Assignment
For this exercise, return all the data word for word, with images left out.

Information provided

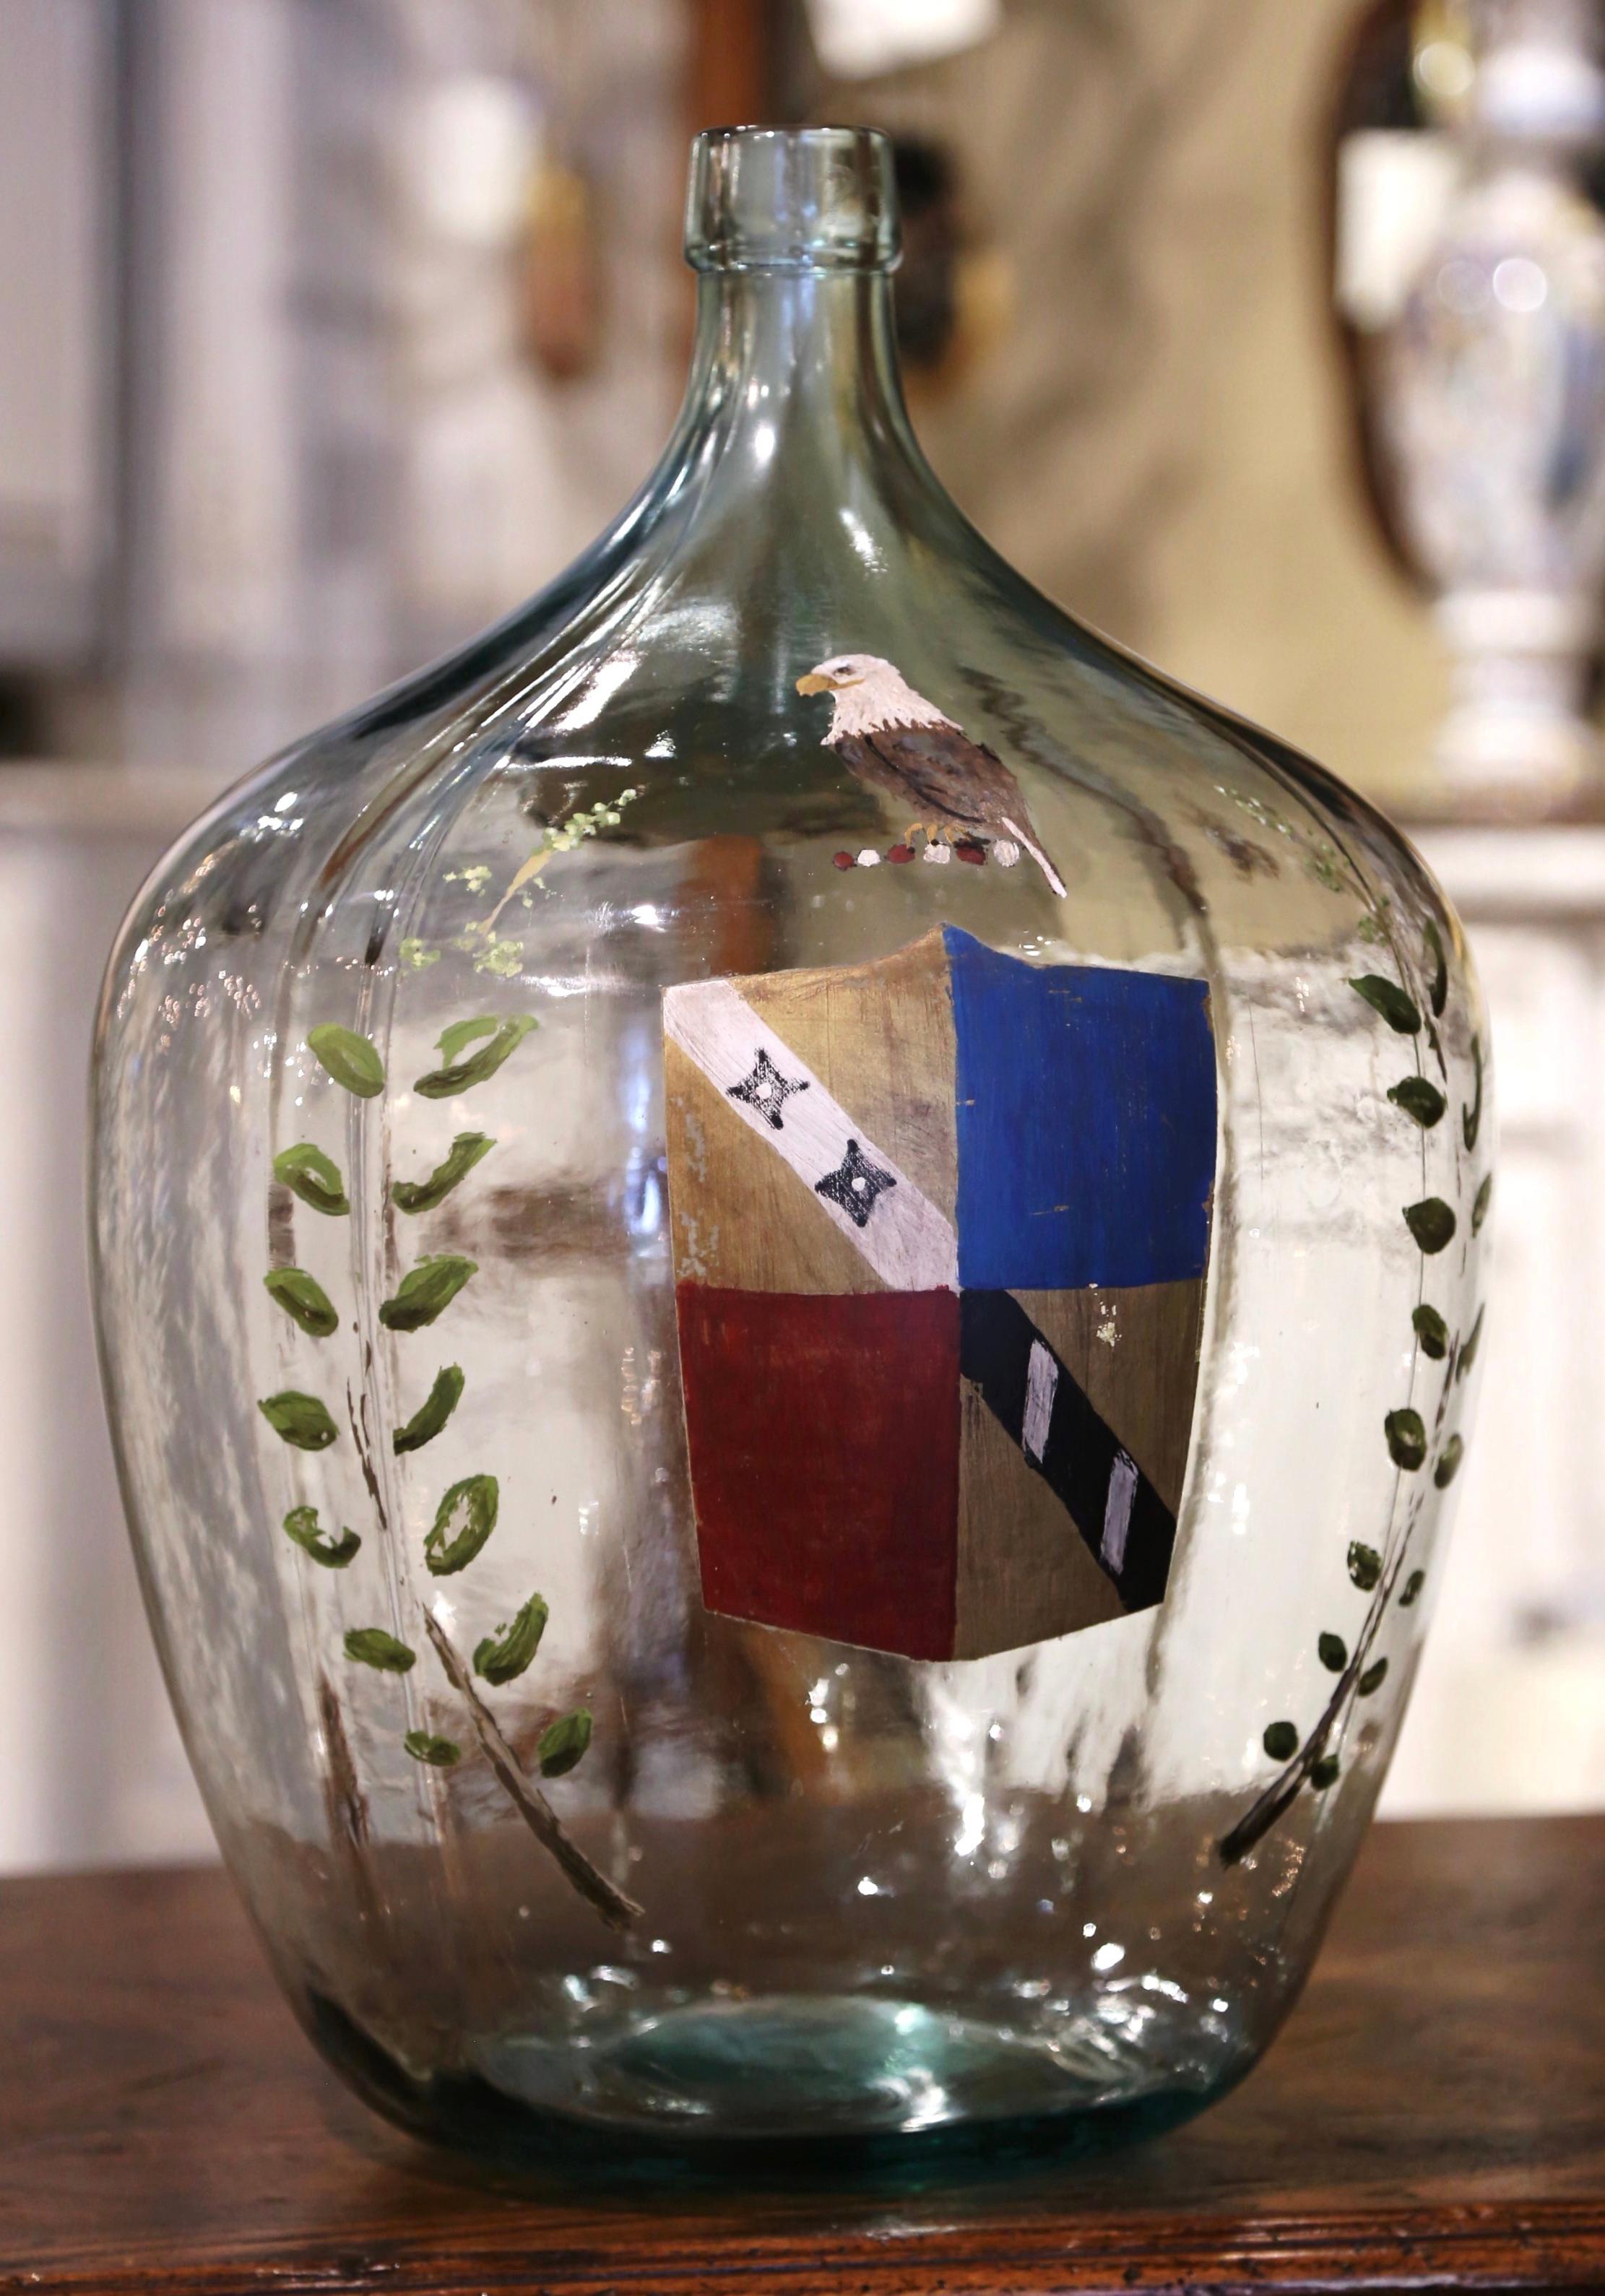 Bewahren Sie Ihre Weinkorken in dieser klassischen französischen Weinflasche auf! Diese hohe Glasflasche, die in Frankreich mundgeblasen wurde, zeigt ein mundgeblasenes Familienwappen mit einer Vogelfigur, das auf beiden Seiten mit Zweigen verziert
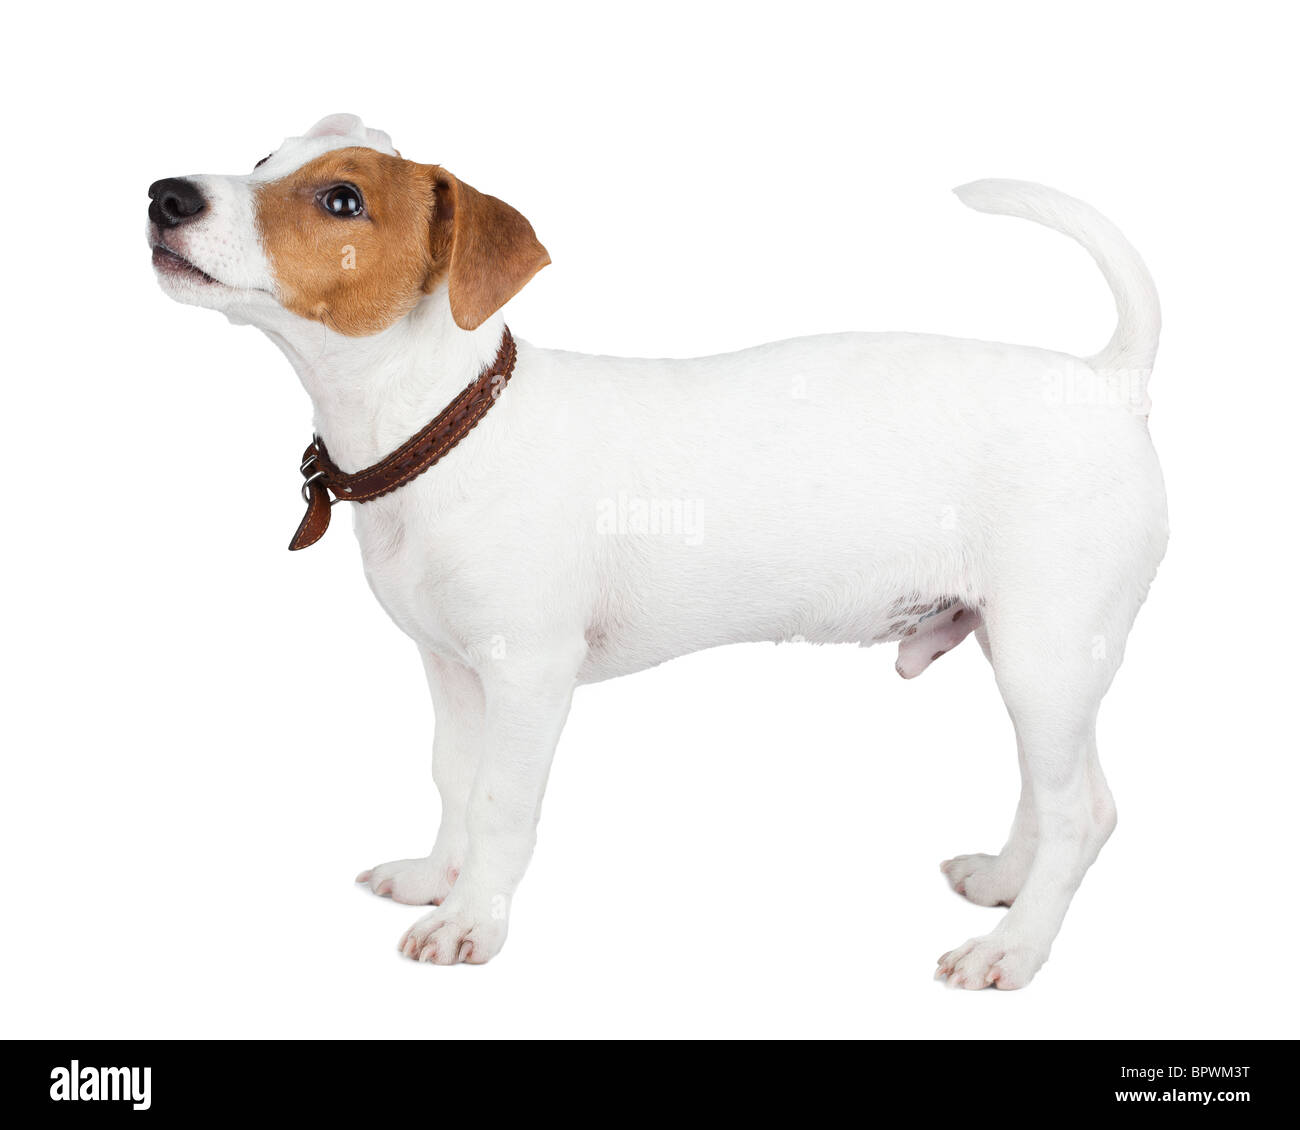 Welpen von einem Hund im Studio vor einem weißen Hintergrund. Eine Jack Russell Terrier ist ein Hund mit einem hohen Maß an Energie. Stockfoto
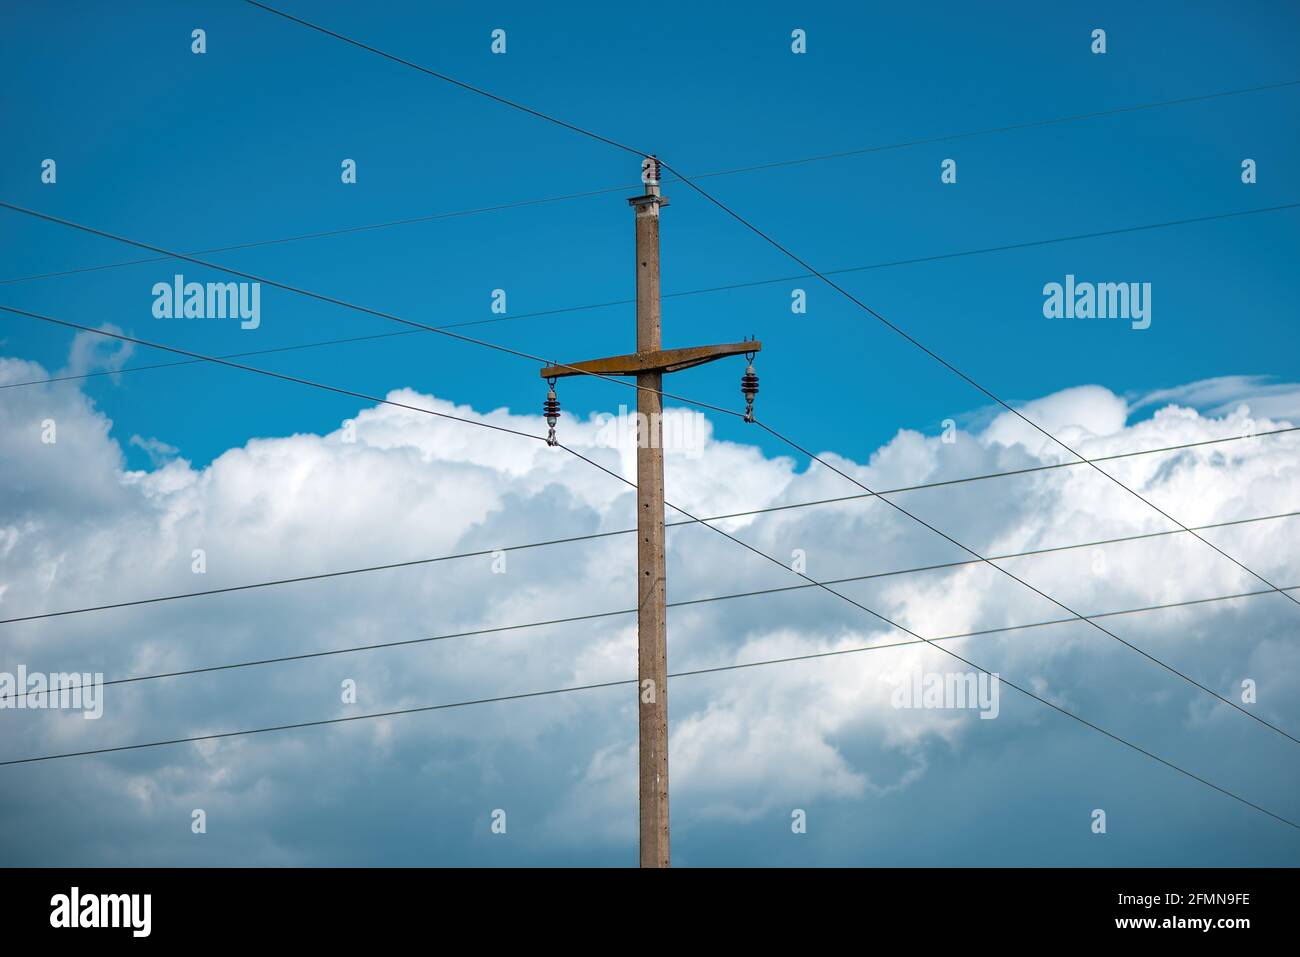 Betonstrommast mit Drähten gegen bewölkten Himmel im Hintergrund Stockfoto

Task output
 Bewahren Sie Ihre Weinkorken in dieser klassischen französischen Weinflasche auf! Diese hohe Glasflasche, die in Frankreich mundgeblasen wurde, zeigt ein mundgeblasenes Familienwappen mit einer Vogelfigur, das auf beiden Seiten mit Zweigen verziert
 Welpen von einem Hund im Studio vor einem weißen Hintergrund. Eine Jack Russell Terrier ist ein Hund mit einem hohen Maß an Energie. Stockfoto
 Betonstrommast mit Drähten gegen bewölkten Himmel im Hintergrund Stockfoto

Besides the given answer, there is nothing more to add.